Brandon Miree

No. 21, 40
- Position: Fullback

Personal information
- Born: April 14, 1981 (age 45) Cincinnati, Ohio, U.S.
- Listed height: 6 ft 0 in (1.83 m)
- Listed weight: 236 lb (107 kg)

Career information
- High school: Winton Woods (Forest Park, Ohio)
- College: Alabama; Pittsburgh;
- NFL draft: 2004: 7th round, 247th overall pick

Career history
- Denver Broncos (2004–2005); → Rhein Fire (2005); Green Bay Packers (2006);

Career NFL statistics
- Receptions: 9
- Receiving yards: 57
- Touchdowns: 0
- Stats at Pro Football Reference

= Brandon Miree =

American football player (born 1981)

Brandon Curtis Miree (born April 14, 1981) is an American former professional football player who was a fullback for the Green Bay Packers of the National Football League (NFL).

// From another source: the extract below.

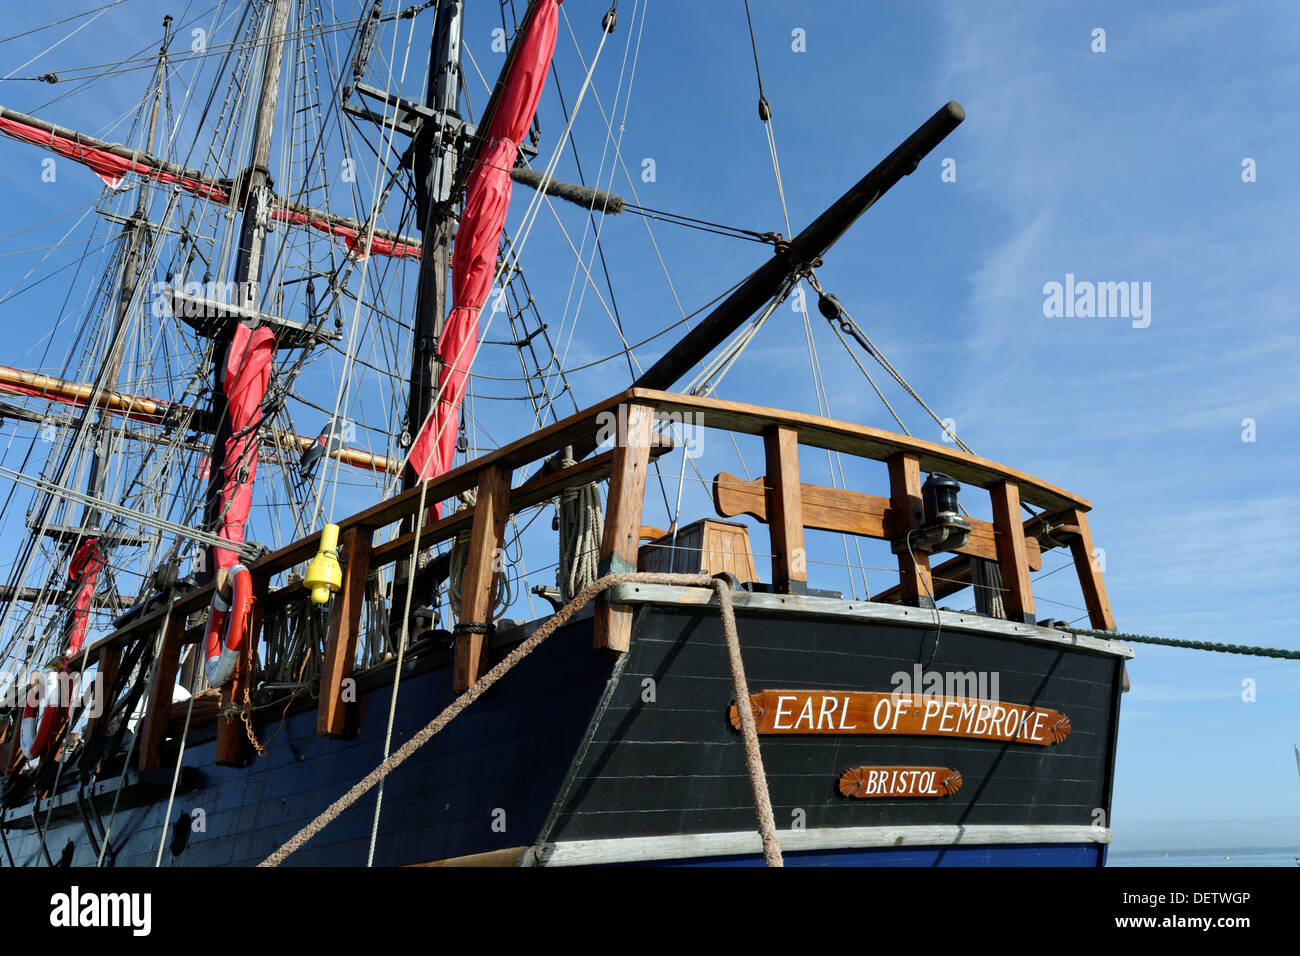 Earle of Pembroke, Tall Ship, Pirate Boat, Cowes, Isle of Wight, England, UK, GB. Stock Photo

He was selected by the Denver Broncos in the seventh round of the 2004 NFL draft. He played college football for the Alabama Crimson Tide and Pittsburgh Panthers.

==Early life==
Miree was born in Cincinnati, Ohio and attended Winton Woods High School in Forest Park, Ohio.

==College career==
Miree first played college football for the Alabama Crimson Tide from 1999 to 2001. He was redshirted in 1999. He rushed 94 times for 426 yards and six touchdowns in 2000. On September 12, 2001, it was reported that Miree had left the Alabama football team and was intending to transfer to another school.

Miree then transferred to play for the Pittsburgh Panthers from 2002 to 2003. He rushed 214 times for 943	yards and four touchdowns in 2002 while also catching 11 passes for 123 yards. He totaled 115 rushing attempts for 573 yards and six touchdowns, and 16 receptions for 130 yards and one touchdown his senior year in 2003.

==Professional career==
===Denver Broncos===
Miree was selected by the Denver Broncos in the seventh round, with the 247th overall pick, of the 2004 NFL draft. He officially signed with the team on July 27, 2004. He was waived/injured on August 14 and reverted o injured reserve on August 16, 2004.

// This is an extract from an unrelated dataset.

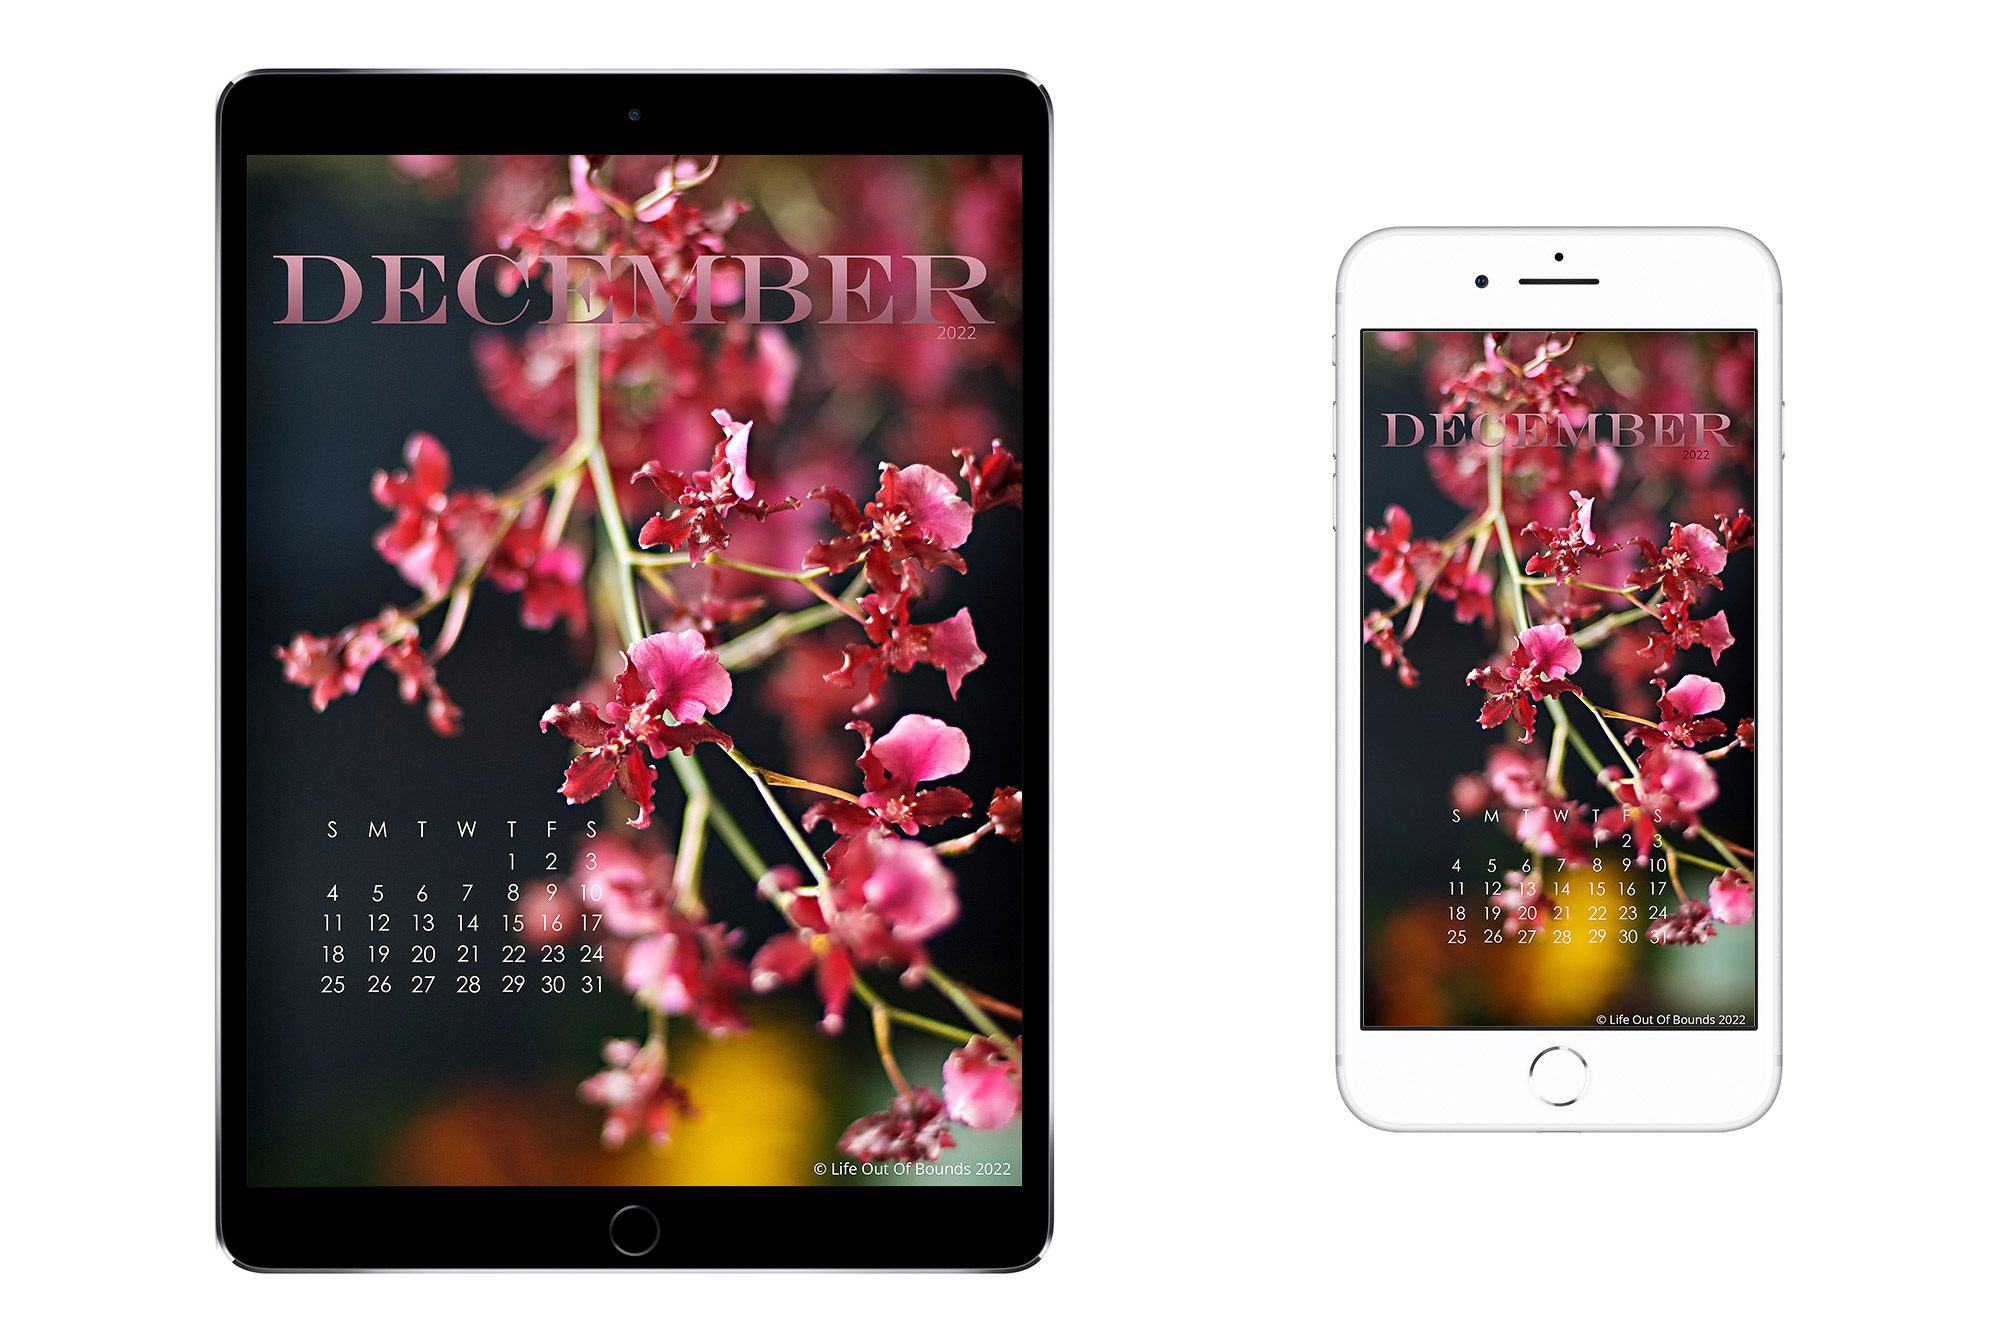 December-22-free-calendar-wallpaper-for-iPad-tablet-iPhone-and-smartphone

Miree was allocated to NFL Europe in 2005, where he played for the Rhein Fire during the 2005 NFL Europe season. He appeared in seven games, starting three, for the Fire, recording six receptions for 109 yards and one touchdown. He was waived by the Broncos on September 3, 2005, and signed to the team's practice squad on September 5, 2005. He signed a reserve/future contract with the Broncos on January 24, 2006. He was waived on September 2, 2006.

===Green Bay Packers===
Miree was signed to the practice squad of the Green Bay Packers on September 4, 2006. He was promoted to the active roster on September 26 and played in 10 games, starting three, for the Packers during the 2006 season, catching nine passes for 57 yards. He was waived on September 1, 2007.